1. This first problem dates from the early 20th century. Five sailors find themselves washed ashore after a shipwreck. They realize they'll need food, so they spend all day gathering coconuts. Tired, they go to sleep, agreeing to divide the coconuts in the morning.

   One sailor wakes up in the night, and since he doesn't quite trust the others, he decides to take his share. He divides the coconuts into five piles. Finding one coconut left over, he gives it to a monkey watching nearby. He then hides his pile and pushes the remaining four piles into one large pile and goes back to sleep.

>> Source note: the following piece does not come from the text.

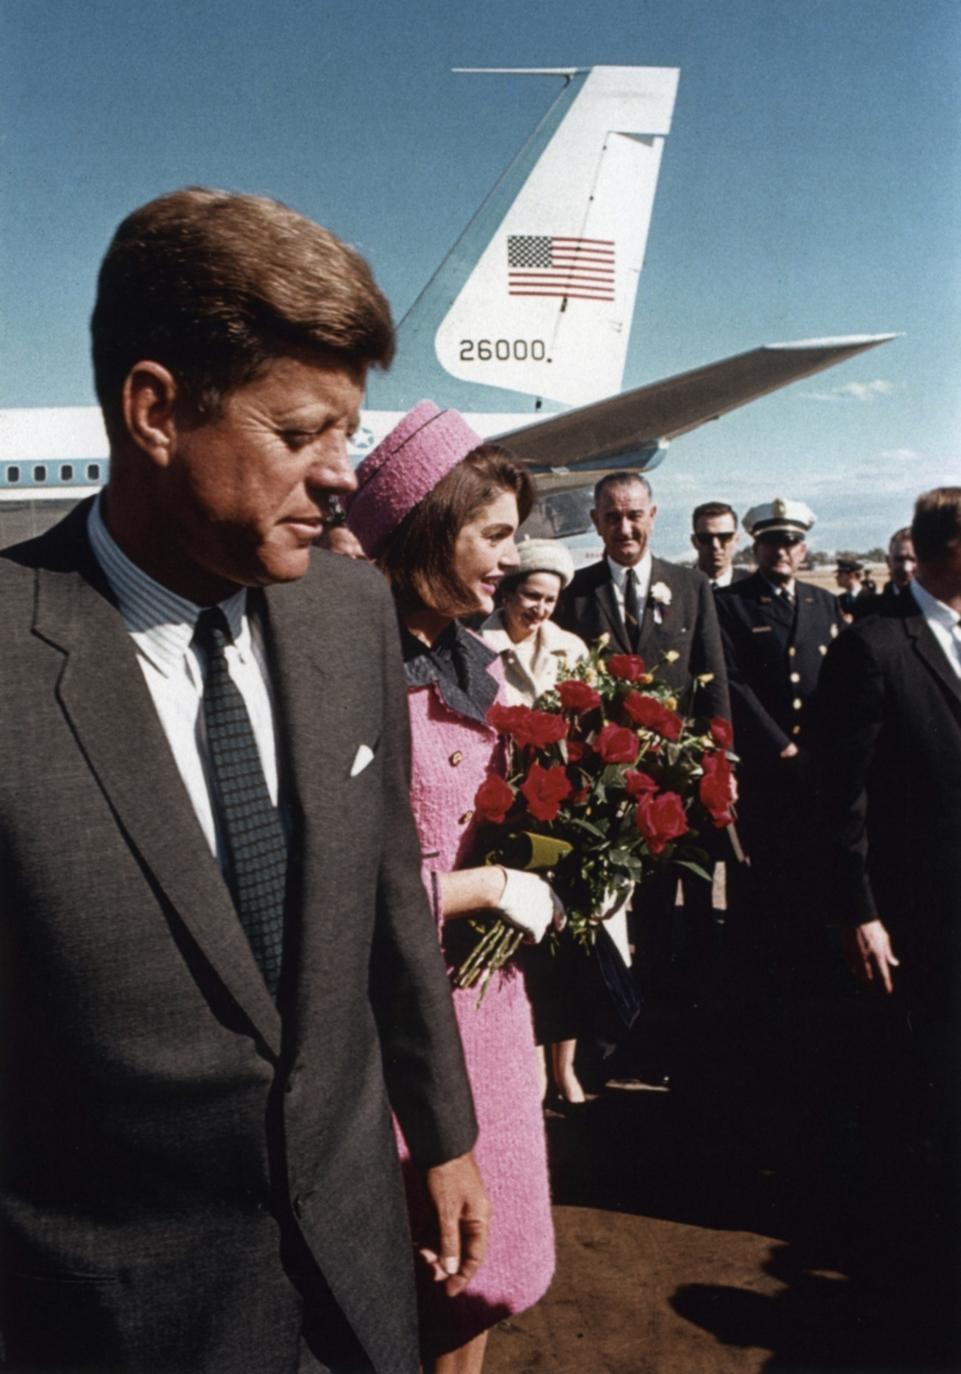 John Fitzgerald Kennedy, ou só JFK, foi o 35º presidente da história dos Estados Unidos. E foi também, sem sombra de dúvidas, o mais elegante. Obama que nos desculpe, mas até ele sabe que é verdade. JFK era a classe em pessoa. Sempre impecável sem ser forçado demais. Ele tinha um ar natural que fazia com que os ternos, gravatas e até os abrigos de final de semana lhe caíssem perfeitamente bem. Um ícone eterno de estilo, que inspira homens há mais de 50 anos. E hoje, quando ele completariao seu 98º aniversário, lembramos de tudo isso para aplaudir e também agradecer.

   Each of the other four sailors wakes up in the night and repeats the actions of the first sailor. After dividing the pile, each finds one extra coconut, which he gives to the monkey.

   In the morning, the pile of coconuts is noticeably smaller, but since each is at fault, no one mentions it. They divide the remaining coconuts evenly among themselves.

   How many coconuts did the five men originally gather?

2. This is my own variation on the above problem. The nighttime ritual for each of the sailors finds each taking and hiding one-fifth of the coconuts, plus one-fifth of a coconut. (Sorry, no monkeys this time.) In the morning, they again divide the pile evenly. If no coconuts are cut, how many did they originally gather?

Source: 1. Many sources. 2. Original.

(I answered "1", and he asked for a little more interesting solution.)

The solutions are:

1. 3121 + 15625k Coconuts
2. 12499 + 15625m Coconuts

The general formulae are:

1. Part 1:
   • if even : N^N * (N-1) - N + 1
   • if odd : N^N - N + 1
   • combined: N^N * [1 + ABS(N@2 - 1) * (N - 2)] - N + 1
2. Part 2:
   • if even : N^N - 1
   • if odd : N^N * (N - 1) - 1
   • combined: N^N * [1 + N@2 * (N - 2)] - 1